Work instructions: Your answer must be an exact copy of the data below, minus any pictures.

Exercise data:
....................

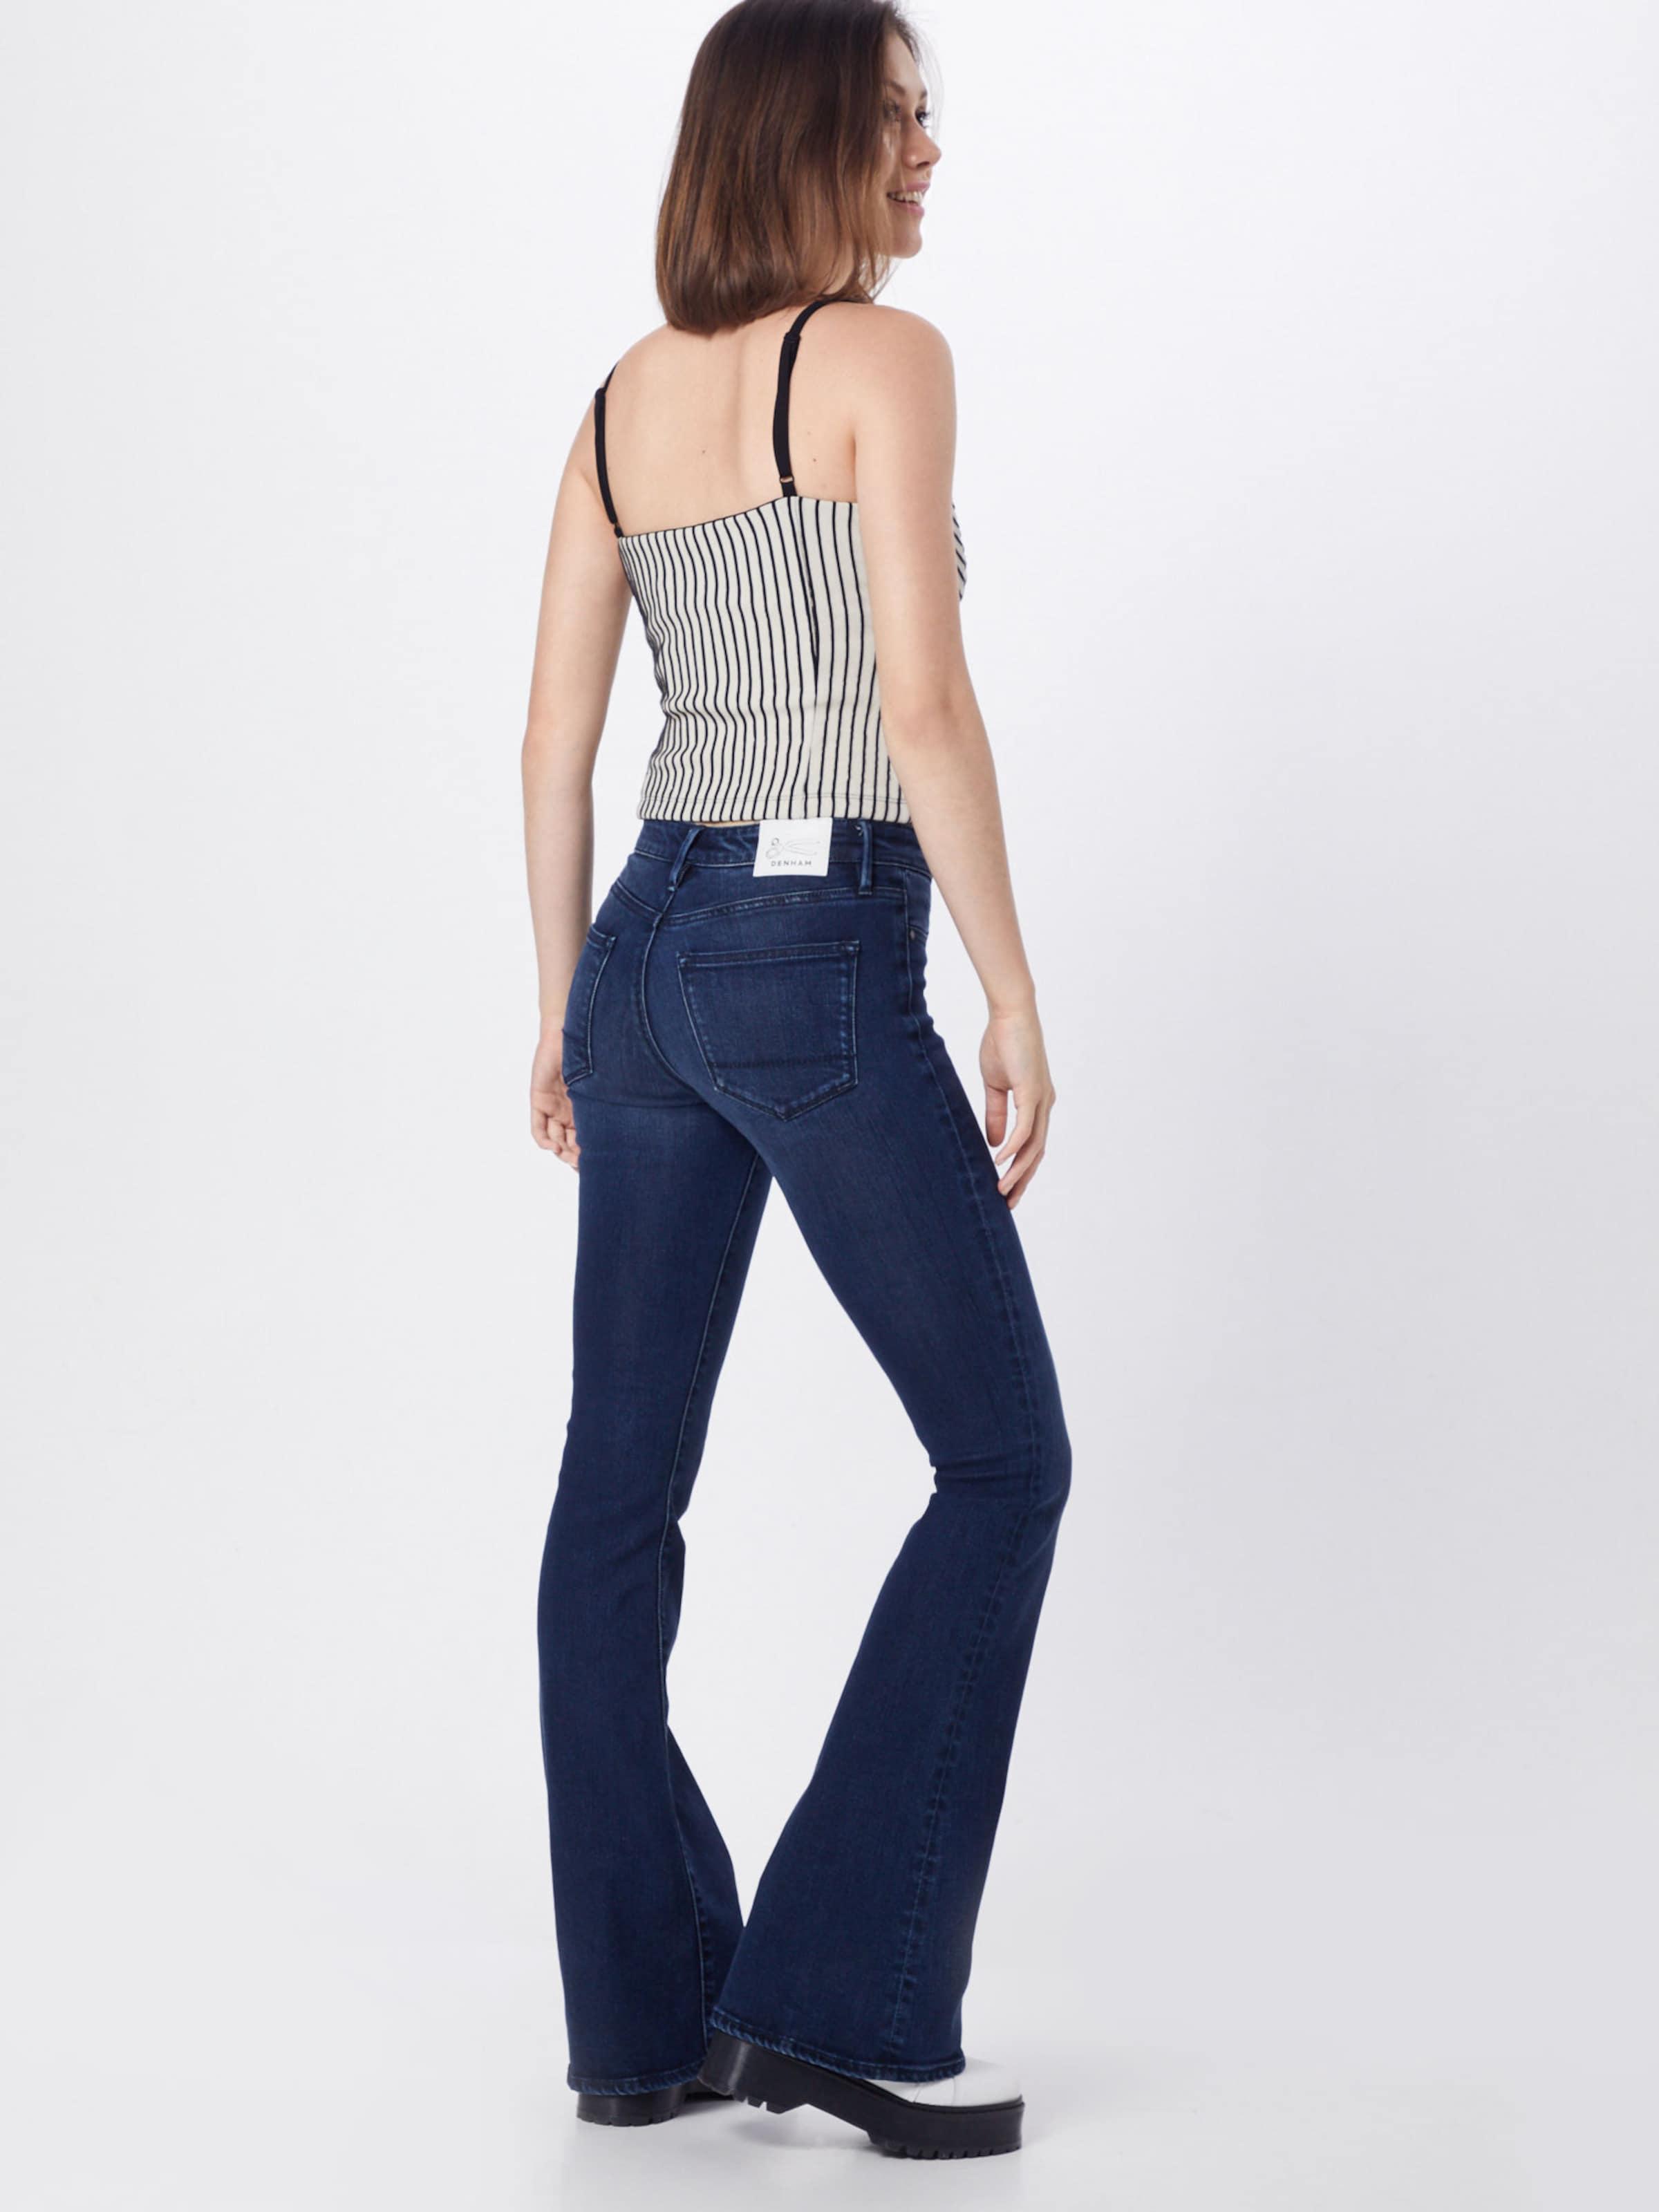 Blue Denham In Sapp' Denim 'farrah Jeans AL45Rj
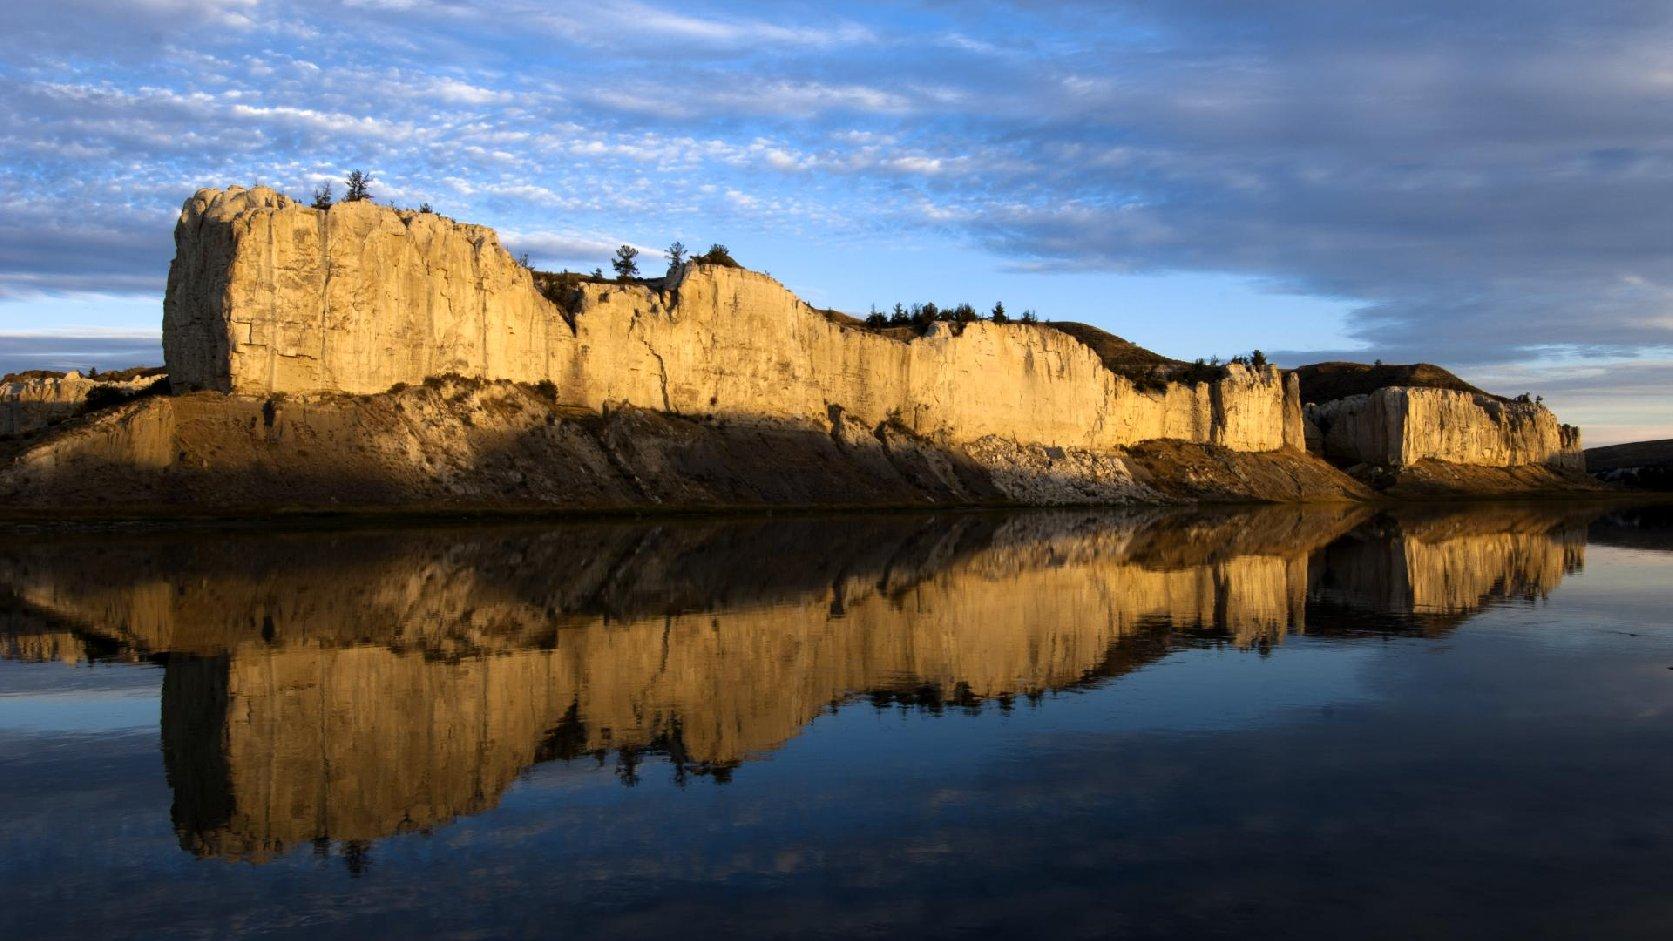 Upper Missouri River Breaks National Monument, Montana
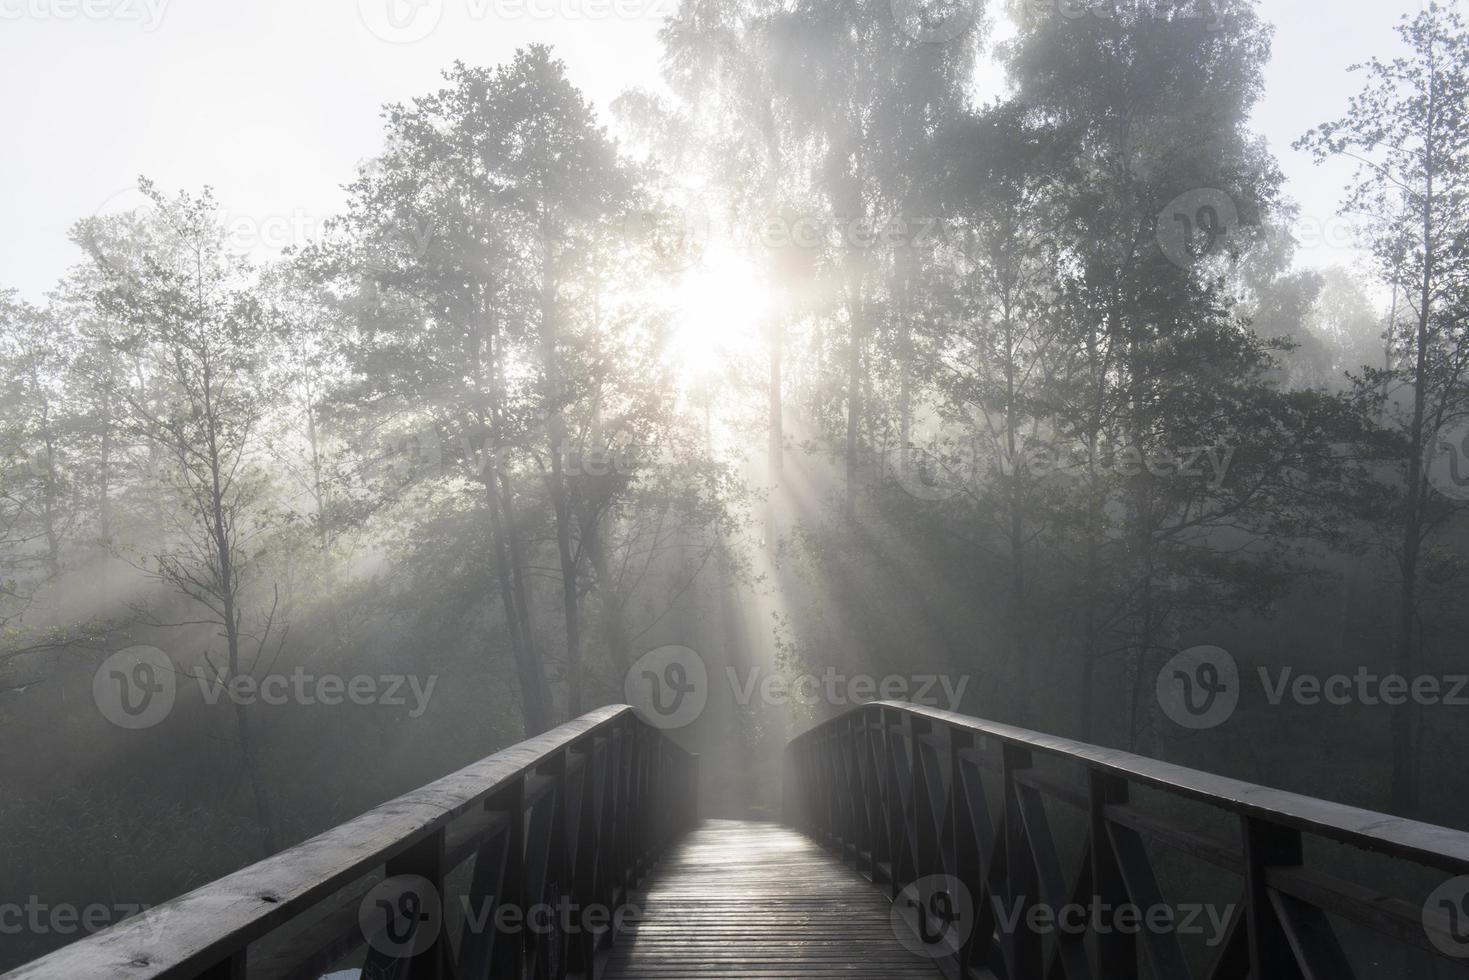 mistig landschap met oude brug en boom silhouet foto
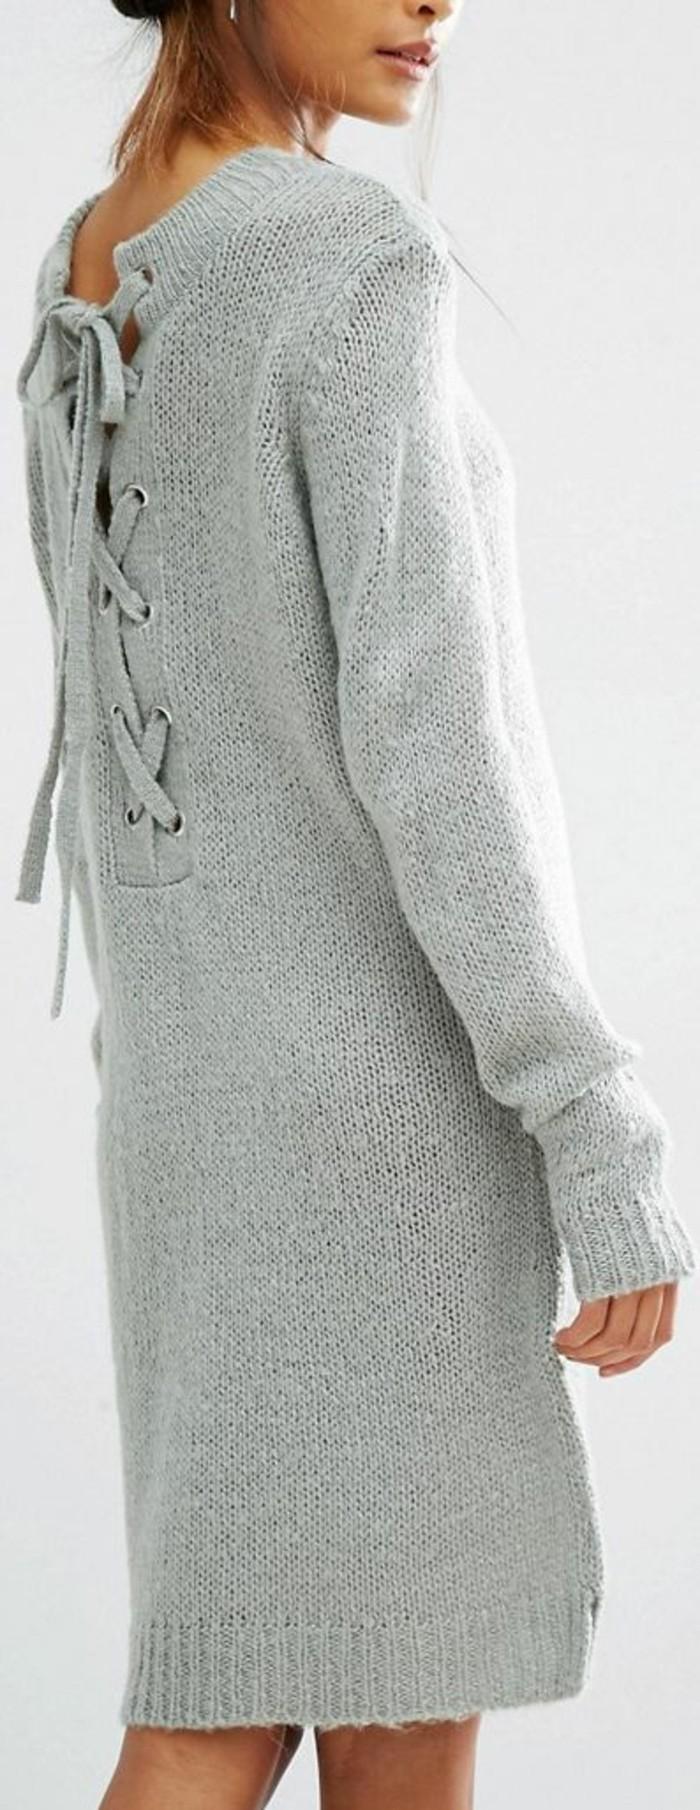 robe-en-laine-avec-des-lacets-au-dos

....................

Output below:
 Blue Denham In Sapp' Denim 'farrah Jeans AL45Rj
 Upper Missouri River Breaks National Monument, Montana
 mistig landschap met oude brug en boom silhouet foto
 robe-en-laine-avec-des-lacets-au-dos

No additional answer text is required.